Lignin is a second most general polymer application material next to cellulose in the nature at present, and is also waste generated in the paper industry, wherein only 5% of lignin is recycled, and most lignin is directly burnt or directly discharged into the environment, so that resources are wasted and environmental pollution is caused. Lignin has excellent properties such as degradability and regenerability, can be modified, improves the performance and has important significance in developing the application.
The metal organic framework material is a porous material and takes metal ions or metal clusters as the center, and is a periodic network structure formed by self-assembly with organic ligands through coordination. Because the porous ceramic material has the characteristics of high specific surface area, high porosity, uniform pore size distribution, various and adjustable structure compositions, multiple special metal saturated or unsaturated active sites and the like, the porous ceramic material can be widely applied to the fields of adsorption separation, catalysis and the like. While UiO-66 is a first generation zirconium-based MOF consisting of Zr 6 O 4 (OH) 4 The octahedron assembled with terephthalic acid has ultrahigh specific surface area and water and heat stability, and is one of the most potential MOFs. Therefore, the modification of the UIO-66 and the reaction with lignin have a certain prospect.
Disclosure of Invention
The lignin-based metal organic complex prepared by using lignin as a raw material through a simple preparation method has excellent adsorption capacity on methyl orange and methyl orange/methylene blue mixed solution in wastewater.

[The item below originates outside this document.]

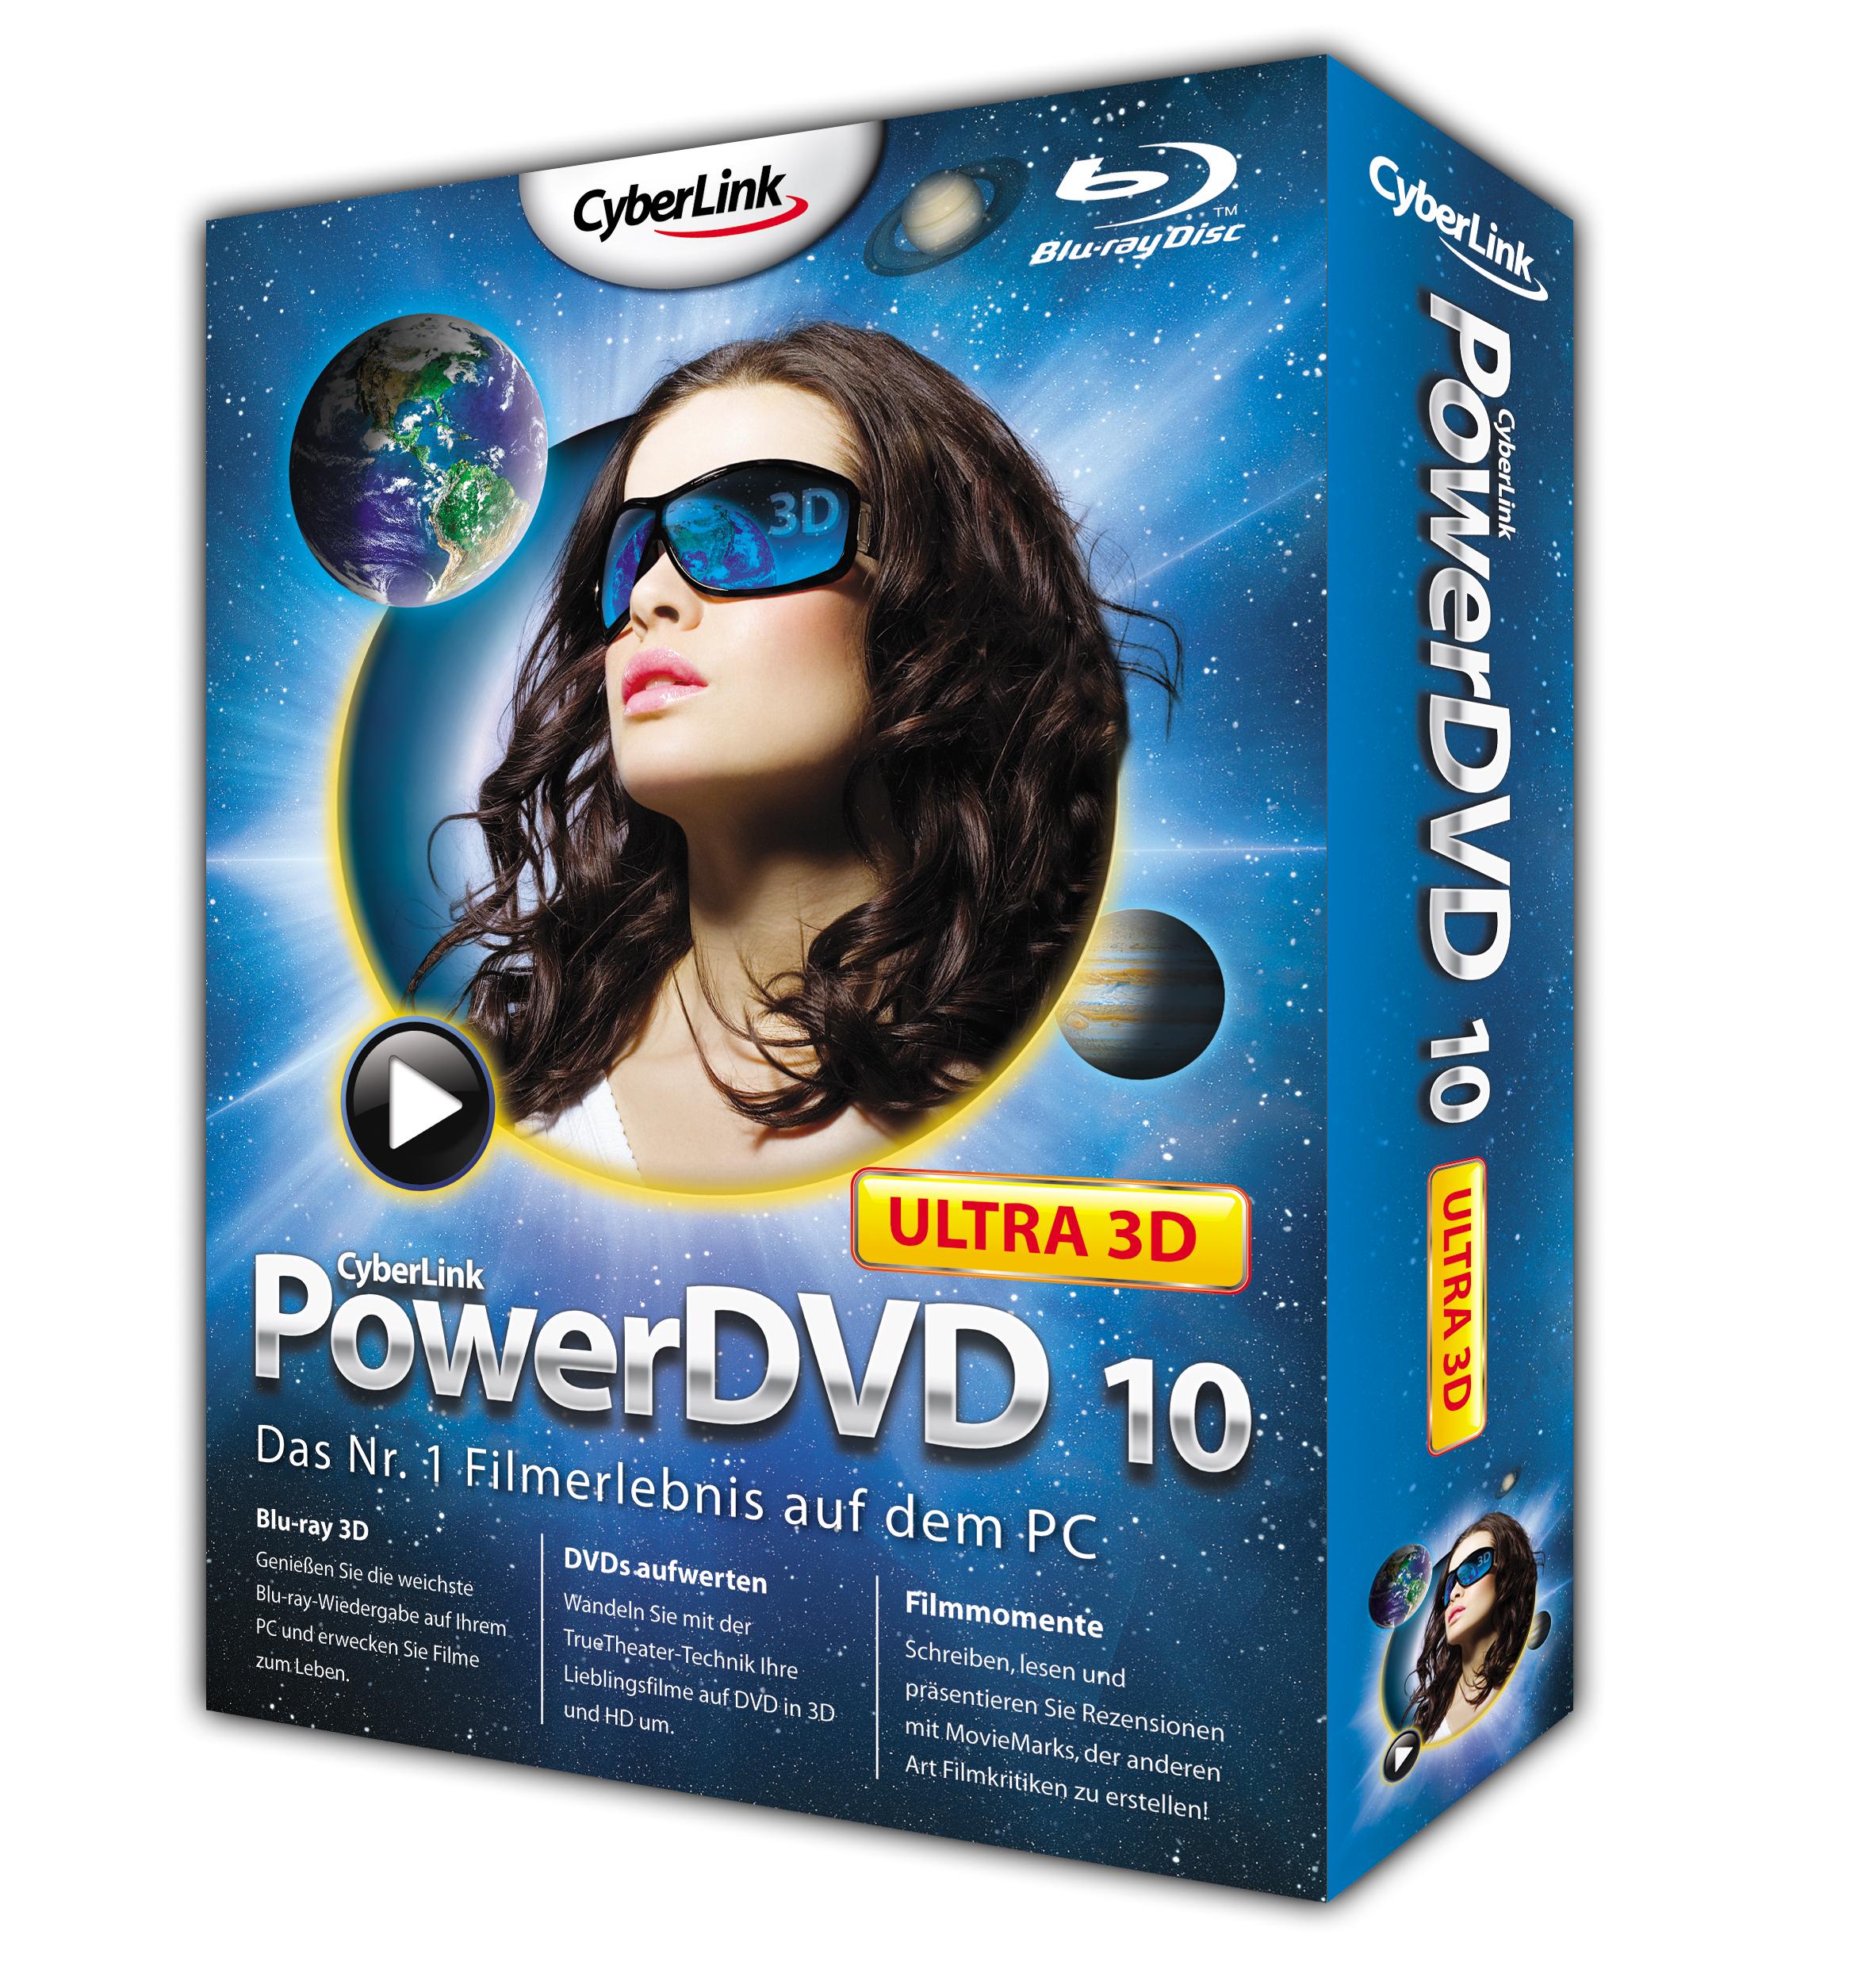 Cyberlink powerdvd 10 ultra v10.0.1516.51 retail regged

In order to solve the technical problems, the invention provides a lignin-based metal organic complex, which has the structural formula:
wherein, R is selected from the group consisting of-OCH 3 or-OH.
In the above formula, lignin is lignin.
The invention also provides a preparation method of the lignin-based metal organic ligand, which comprises the following steps:
s1, reacting lignin with phenol to obtain phenolized lignin under the action of a catalyst;
s2, dissolving zirconium chloride, 2-amino terephthalic acid and phenolized lignin in a solvent, and reacting in a hydrothermal reaction kettle to obtain the lignin-based metal-organic complex.
Preferably, in step S1, the catalyst is concentrated sulfuric acid, the reaction temperature is 80-120 ℃, and the reaction time is 1-4 hours.
Preferably, in step S2, the zirconium chloride: phenolized lignin: the mass ratio of the 2-amino terephthalic acid is 1:1-4:1, the solvent is N, N-dimethylformamide, the reaction temperature is 100-150 ℃, and the reaction time is 18-30h.
Meanwhile, the invention provides application of the lignin-based metal organic complex prepared by the preparation method of the lignin-based metal organic complex in the treatment of methyl orange wastewater or methyl orange/methylene blue wastewater.
Preferably, the application of the lignin-based metal organic complex in the treatment of methyl orange wastewater or methyl orange/methylene blue wastewater comprises the following steps:
adding the lignin-based metal organic complex into methyl orange wastewater or methyl orange/methylene blue wastewater, carrying out adsorption treatment at 20-45 ℃, and calculating the removal rate.
Preferably, the lignin-based metal organic complex is used in an amount of 50-500mg/L, and the adsorption treatment time is 16-24 hours.
Preferably, the pH of the methyl orange wastewater or methyl orange/methylene blue wastewater is 3-11.
Preferably, the pH of the methyl orange wastewater or methyl orange/methylene blue wastewater is 3-7.
The technology not mentioned in the present invention refers to the prior art.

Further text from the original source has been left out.